The ring comes with royal provenance:
Empress Catherine I of Russia (1684-1727)
Sultan Ahmed III (1663-1736)
Sultan Abdul Hamid II (1842-1918) 
Princess Emina Ilhamy (1858-1931)
Princess Khadija Hanim
Neslishah Sultan (1921-2012)


Formerly in the Collection of Emperor Napoleon I and the House of Hohenzollern

Historically Important and Highly Significant Diamond Brooch/Pendant

Estimate: 120,000 – 200,000 CHF
SOLD: 3,527,000 CHF
($4.4 million USD)

Image from Sotheby’s

The circular jewel featuring an oval diamond weighing 13.04 carats surrounded by Old Mine- and Mazarin-cut* diamonds, within an openwork border, further enhanced by more Mazarin-cut* diamonds. The item has been dated as circa early 19th century. 

*Mazarin Cut – 34-faceted cushion-shaped diamond cut from the mid-1600s, featuring 17 crown facets and 17 pavilion facets

The brooch has been described as silver-topped 14 karat gold. The center diamond has been given a color grade range of I-J, and a clarity grade of SI. The ten largest Old Mine Cut diamonds surrounding the oval have a total weight of approximately 16.00 to 17.00 carats, ranging in color grade from F to J, and ranging in clarity from VS to SI.

The brooch comes with royal provenance:
Emperor Napoleon I (1769-1821)
King Friedrich Wilhelm III of Prussia (1770-1840), presented by Lieutenant von Pless
Hohenzollern Family Jewels

Two Historically Significant Napoleonic Jewels from the Hohenzollern Treasury

The historical and important diamond brooch/pendant above and unmounted green beryl (seen below) were heirlooms of the Prussian Royal House of Hohenzollern for over two centuries, both having a connection to Emperor Napoleon I. The former can conclusively be identified as a hat ornament left behind by Napoleon in his carriage when retreating from the battlefield at Waterloo. The beryl would have been worn by Napoleon at his coronation in 1804 according to tradition. Both jewels possess an extraordinary historical significance through their provenance of the illustrious House of Hohenzollern.
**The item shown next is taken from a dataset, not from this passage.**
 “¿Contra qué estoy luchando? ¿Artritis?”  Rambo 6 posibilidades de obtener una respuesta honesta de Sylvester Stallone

*The Hat: According to the BBC, “Historians say the hat was part of his brand. Wearing it sideways made him recognisable in battle. He owned about 120 bicorne hats over the years.” One of these bicorne black beaver felt hats was sold recently at auction (2023) for $2.1 million.
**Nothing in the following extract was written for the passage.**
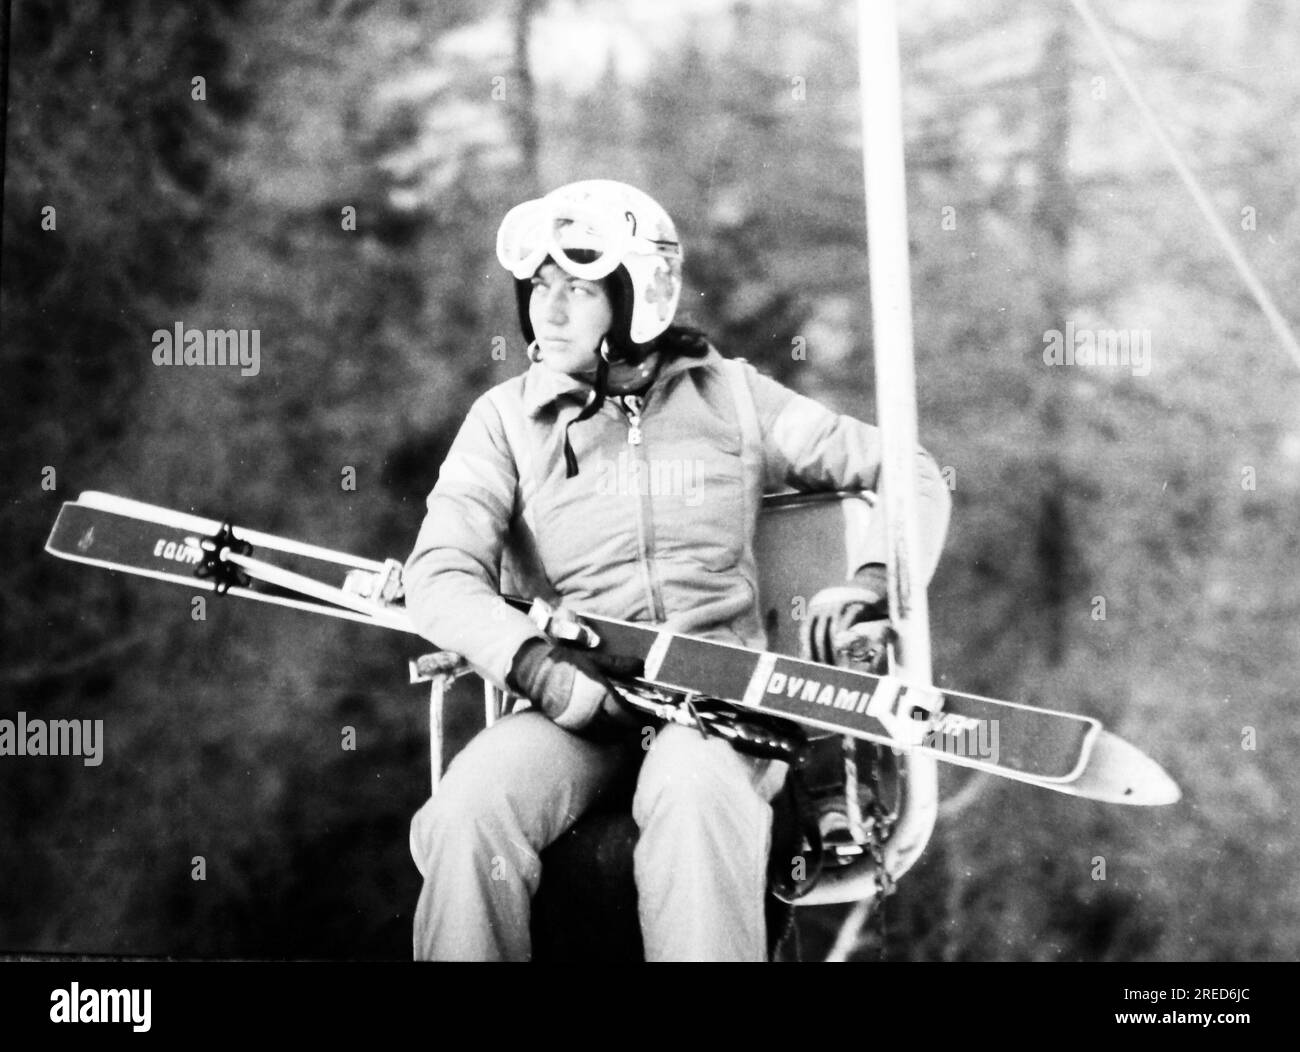 Rosi Mittermaier dans le télésiège avec son équipement de ski à Bad Gastein. [traduction automatique] Banque D'Images

We hope that the owner of the hat also purchased the above diamond brooch to complete the pairing. Why not?


Historical and Important Unmounted Green Beryl

Having belonged to Napoleon I: Up for sale, an unmounted cushion-shaped green beryl weighing 132.66 carats. There is no mention of a professional gemological laboratory report.

According to Sotheby’s, the gem is in very good condition, with chips and small nicks to the girdle. The beryl is medium light slightly bluish green, slightly included, with a “reflective internal fracture” that is particularly visible from the side.

Estimate: 32,000 – 48,000 CHF
Sold: 838,200 CHF
(just over $1 million USD!)

Image from Sotheby’s

 

Green Beryl v. Emerald

So, what’s the difference between a green beryl and an emerald — or an aquamarine, for that matter?

Shane McClure, global director of colored stone services at GIA’s world headquarters in Carlsbad, California, reminds us that “This is a much more complicated question than you might think. Believe it or not, there is no standard definition for green beryl. Just as there is no agreed upon dividing line for when aquamarine becomes green beryl or even emerald for that matter. Below is a quote defining emerald from The Jeweler’s Manual by Liddicoat and Copeland, 1964:

‘The medium light to medium dark tones of slightly bluish-green or slightly yellowish green beryl.
There is no standard dividing line between emerald and either aquamarine or the lighter green variety known as green beryl.’

“I gave a talk on this very subject in Idar-Oberstein this year in May,” says McClure. “We all basically agree that to be emerald it must be colored by chromium and/or vanadium, and be predominately green.”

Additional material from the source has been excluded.